Mimir / README.md
jdesiree's picture
Update README.md
b79a4e1 verified
---
title: Mimir
emoji: πŸ“š
colorFrom: indigo
colorTo: blue
sdk: gradio
sdk_version: 5.49.1
app_file: app.py
pinned: true
python_version: '3.10'
short_description: Advanced prompt engineering for educational AI systems.
thumbnail: >-
https://cdn-uploads.huggingface.co/production/uploads/68700e7552b74a1dcbb2a87e/Z7P8DJ57rc5P1ozA5gwp3.png
hardware: zero-gpu-dynamic
startup_duration_timeout: 30m
---
# Mimir: Educational AI Assistant
## Advanced Multi-Agent Architecture & Prompt Engineering Portfolio Project
### Project Overview
Mimir demonstrates enterprise-grade AI system design through a sophisticated multi-agent architecture applied to educational technology. The system showcases advanced prompt engineering, intelligent decision-making pipelines, and state-persistent conversation management. Unlike simple single-model implementations, Mimir employs **four specialized agent types** working in concert: a tool decision engine, four parallel routing agents for prompt selection, three preprocessing thinking agents for complex reasoning, and a unified response generator. This architecture prioritizes pedagogical effectiveness through dynamic context assembly, ensuring responses are tailored to each unique educational interaction.
***
### Technical Architecture
**Multi-Agent System:**
```
User Input β†’ Tool Decision Agent β†’ Routing Agents (4x) β†’ Thinking Agents (3x) β†’ Response Agent β†’ Output
↓ ↓ ↓ ↓
Llama-3.2-3B Llama-3.2-3B (shared) Llama-3.2-3B Llama-3.2-3B
```
**Core Technologies:**
* **Unified Model Architecture**: Llama-3.2-3B-Instruct (3.21B parameters) for all tasks - decision-making, reasoning, and response generation
* **Lazy Loading Strategy**: Model loads on first request and caches for subsequent calls (optimal for ZeroGPU)

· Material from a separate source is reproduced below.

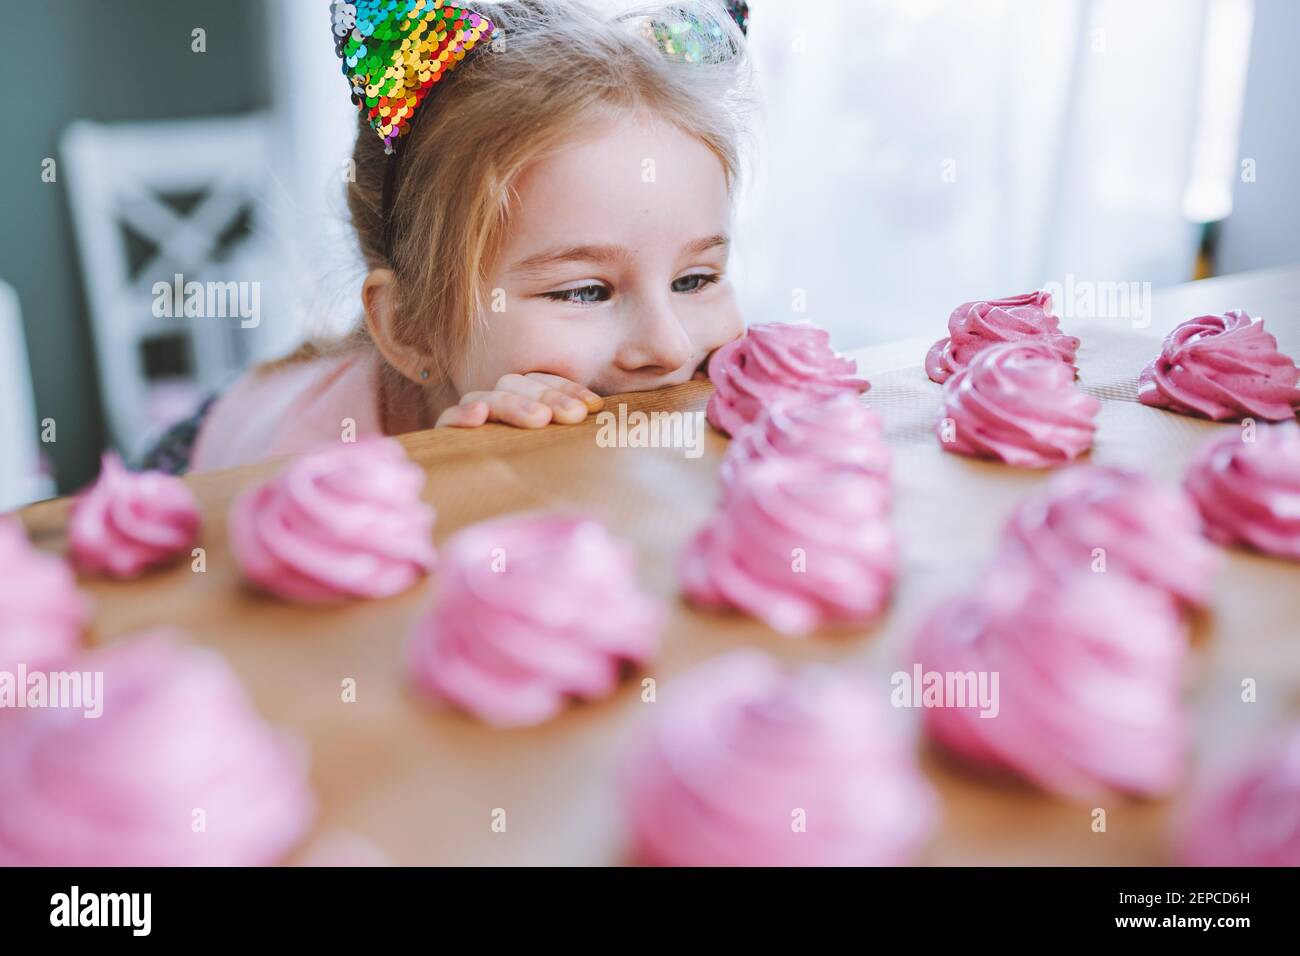 Bambina con i capelli biondi e gli occhi blu guardare su deliziosi marshmallow rosa fatto in casa ot zephyr sul tavolo in cucina. Foto Stock

* **Custom Orchestration**: Hand-built agent coordination replacing traditional frameworks for precise control and optimization
* **State Management**: Thread-safe global state with dual persistence (SQLite + HuggingFace Datasets)
* **ZeroGPU Integration**: Dynamic GPU allocation with `@spaces.GPU` decorators for efficient resource usage
* **Gradio**: Multi-page interface (Chatbot + Analytics Dashboard)
* **Python**: Advanced backend with 4-bit quantization and streaming
**Key Frameworks & Libraries:**
* `transformers` & `accelerate` for model loading and inference optimization
* `bitsandbytes` for 4-bit NF4 quantization (75% memory reduction)
* `peft` for Parameter-Efficient Fine-Tuning support
* `spaces` for HuggingFace ZeroGPU integration
* `matplotlib` for dynamic visualization generation
* Custom state management system with SQLite and dataset backup
***
### Advanced Agent Architecture
#### Agent Pipeline Overview
The system processes each user interaction through a sophisticated four-stage pipeline, with each stage making intelligent decisions that shape the final response.
#### Stage 1: Tool Decision Agent
**Purpose**: Determines if visualization tools enhance learning
**Model**: Llama-3.2-3B-Instruct (4-bit NF4 quantized)
**Prompt Engineering**:
* Highly constrained binary decision prompt (YES/NO only)
* Explicit INCLUDE/EXCLUDE criteria for educational contexts
* Zero-shot classification with educational domain knowledge
**Decision Criteria**:
```
INCLUDE: Mathematical functions, data analysis, chart interpretation,
trend visualization, proportional relationships
EXCLUDE: Greetings, definitions, explanations without data
```
**Output**: Boolean flag activating `TOOL_USE_ENHANCEMENT` prompt segment
---
#### Stage 2: Prompt Routing Agents (4 Specialized Agents)
**Purpose**: Intelligent prompt segment selection through parallel analysis
**Model**: Shared Llama-3.2-3B-Instruct instance (memory efficient)
**Agent Specializations**:
1. **Agent 1 - Practice Question Detector**
- Analyzes conversation context for practice question opportunities
- Considers user's expressed understanding and learning progression
- Activates: `STRUCTURE_PRACTICE_QUESTIONS`
2. **Agent 2 - Discovery Mode Classifier**
- Dual-classification: vague input detection + understanding assessment
- Returns: `VAUGE_INPUT`, `USER_UNDERSTANDING`, or neither
- Enables guided discovery and clarification strategies
3. **Agent 3 - Follow-up Assessment Agent**
- Detects if user is responding to previous practice questions
- Analyzes conversation history for grading opportunities
- Activates: `PRACTICE_QUESTION_FOLLOWUP` (triggers grading mode)
4. **Agent 4 - Teaching Mode Assessor**
- Evaluates need for direct instruction vs. structured practice
- Multi-output agent (can activate multiple prompts)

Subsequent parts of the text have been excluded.